Примечание авторов: * Великая княгиня Анастасия Николаевна, дочь Черногорского князя Николы, младшая сестра матушки Георгия и одновременно супруга Великого князя Николая Николаевича Романова. Помимо всего прочего была сердечной подружкой императрицы Александры Федоровны и через это имела значительное влияние на семейные дела Романовых.
– Да нет уж, – сказал я, – обойдемся без тетушки Станы. Я сам буду решать, с кем мне в дальнейшем жить и от кого заводить детей. А то она выберет, а я мучайся всю оставшуюся жизнь. Надеюсь все-таки, что моя будущая жена будет чем-то похожа на моих названных «сестричек»: такая же красивая, сильная, прямая и честная; и в то же время я понимаю, что ее статус должен соответствовать положению будущей королевы Сербии…
Госпожа Антонова вздохнула и сказала:
– Дочки августейших особ не могут стать похожими на упомянутых тобой девушек, потому что не учатся в нашем кадетском корпусе, который дает такую закалку и огранку характера. Так что, скорее всего, тебе придется смириться с тем, что твой идеал недостижим, по крайней мере, среди разных там принцесс и великих княжон.
– А я и не тороплюсь, – ответил я. – К примеру, можно подобрать девицу подходящего происхождения лет двенадцати от роду и отправить ее в ваш кадетский корпус на обучение? А чтобы родители не возражали против такого воспитания, она действительно должна оказаться настоящей сиротой…
– А знаешь, друг мой Георгий, – задумчиво произнесла госпожа полковник, – ведь тут действительно есть один или даже два варианта… И тут в самом деле можно обойтись без вашей тетушки Станы…
Меж ее бровей пролегла морщинка; было видно, что она обдумывает какую-то интересную идею, которая только что пришла ей в голову.
– Постойте, госпожа Антонова, – немного встревоженно спросил я, – о чем, или, точнее, о ком вы говорите?
И ответ госпожи полковника меня ошарашил, так что мысли закружились, будто в простонародном танце Коло:
Примечание авторов: * Коло – народный сербский танец, по русски хоровод. Сербы танцуют его по любому радостному поводу.
– О старших дочерях покойного императора Николая – Ольге и Татьяне, – заявила она, – Обе девочки недурны, умны и подходят вам по статусу и по возрасту. Ольге тринадцать, а Татьяне одиннадцать лет – то есть три и пять лет соответственно до того момента, пока они смогут вступить в брак.
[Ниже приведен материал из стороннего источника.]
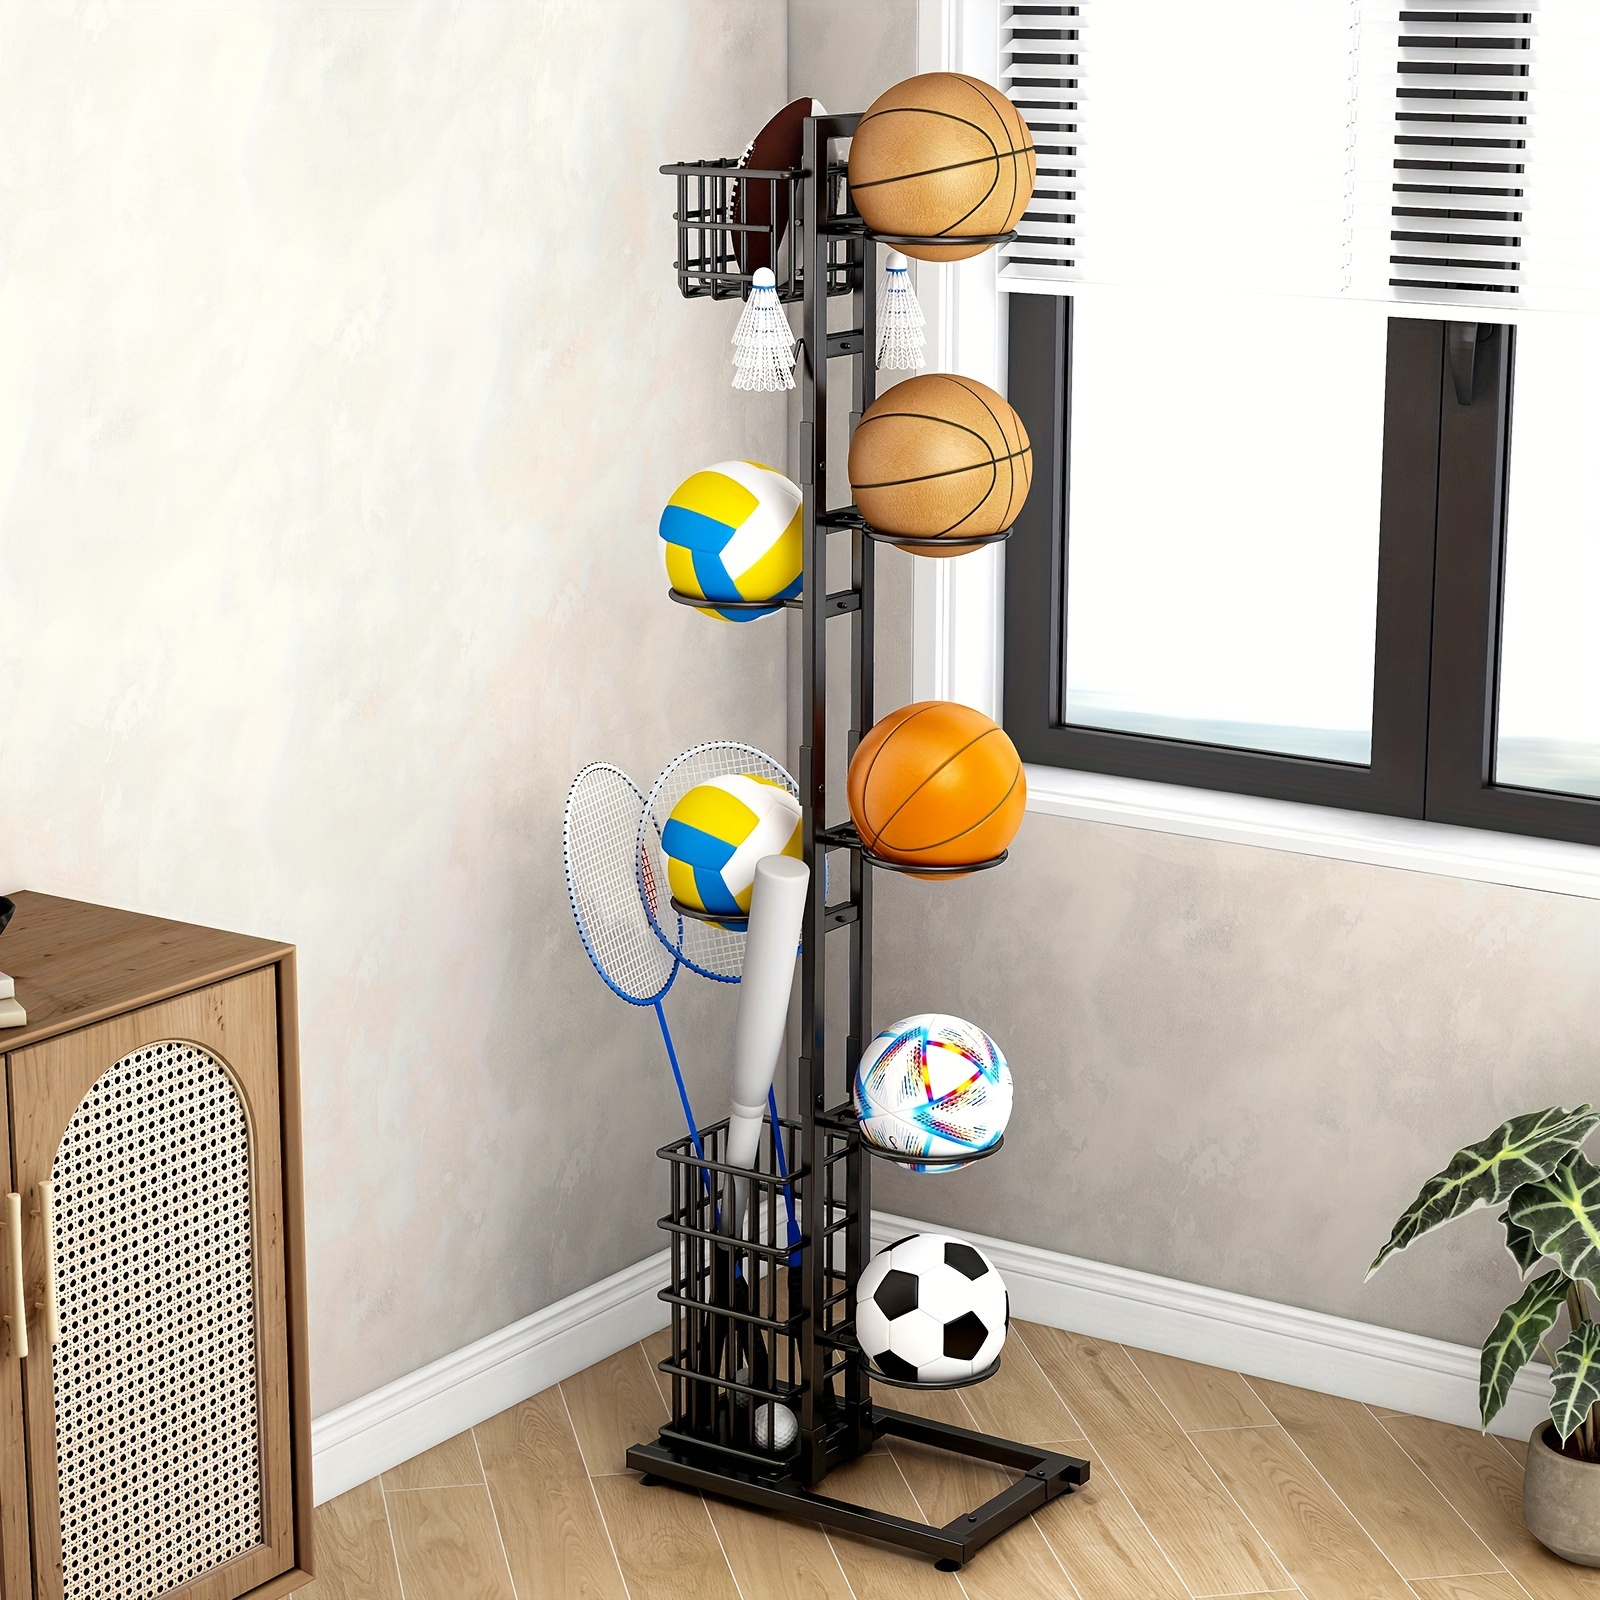 

1pc, Metal Vertical Ball Rack With Plastic Base, Sporting Goods Organizer For Basketball, Football, Rugby, Badminton Racket & Volleyball, Multi-level Storage Basket, Durable Display Stand

Но я бы накинула годика два-три для гарантии полного созревания молодых организмов и на то, чтобы девочки смогли пройти полный курс обучения. Проблем с их законным опекуном у вас не возникнет. Его Величество государь-император Михаил Александрович давно думает над тем, как воспитать своих племянниц полезными членами общества, и один из вариантов – это на четыре года отдать их в кадетки.
– Императорских дочерей в кадетский корпус, где обучают на этих, как его, эскортниц? – переспросил я, когда прошел первый шок, – не слишком ли экстравагантно для столь высокородных особ?
– Ничего экстравагантного, – ответила моя собеседница, – в корпусе готовят кадры не только для эскорт-гвардии, но и для других служб. Эскорт-гвардия – это для бесшабашных особ с авантюристическим складом характера, которые своей жизни не мыслят без хождения по лезвию бритвы. Но не всем это подходит, поэтому кадетки могут выбрать и другую стезю. Помимо прочего, выпускницы корпуса получают соответствующие знания и прилагающийся к ним аттестат о среднем образовании, а посему могут поступать в любой из российских университетов.
– Да, – покачал я головой, – я, честно говоря, рассчитывал на вариант поскромней. Кстати, насколько я помню, в Российской империи женщинам не дозволено обучаться в университетах, ибо этому противился господин Победоносцев, и даже разрешенные Бестужевские курсы влачат жалкое существование полупризнанного учебного заведения.
– Вариантов поскромнее для вас нет, – покачала головой госпожа Антонова, – старшие дочери покойного императора – единственные девушки соответствующего возраста и положения, которые подходят вам по статусу. А что касается университетов, то еще с прошлого года девушки в этом отношении были уравнены в правах с юношами – только сдавай экзамены и учись. А с этого года женщин стали брать и на госслужбу, ибо место мужчине – в армии на тяжелых работах и в некоторых ответственных постах, а на всех остальных местах женщины справляются ничуть не хуже, а иногда и лучше мужчин.
– Ну хорошо, – сказал я, – допустим, что у меня есть выбор между Ольгой Николаевной или Татьяной Николаевной. В связи с этим встает не только вопрос моего выбора одной из этих двух особ и их согласия на этот брак, но и согласия их опекуна, вашего императора Михаила. Наверняка для дочерей покойного императора заготовлены партии посолиднее, чем принц маленькой Сербии.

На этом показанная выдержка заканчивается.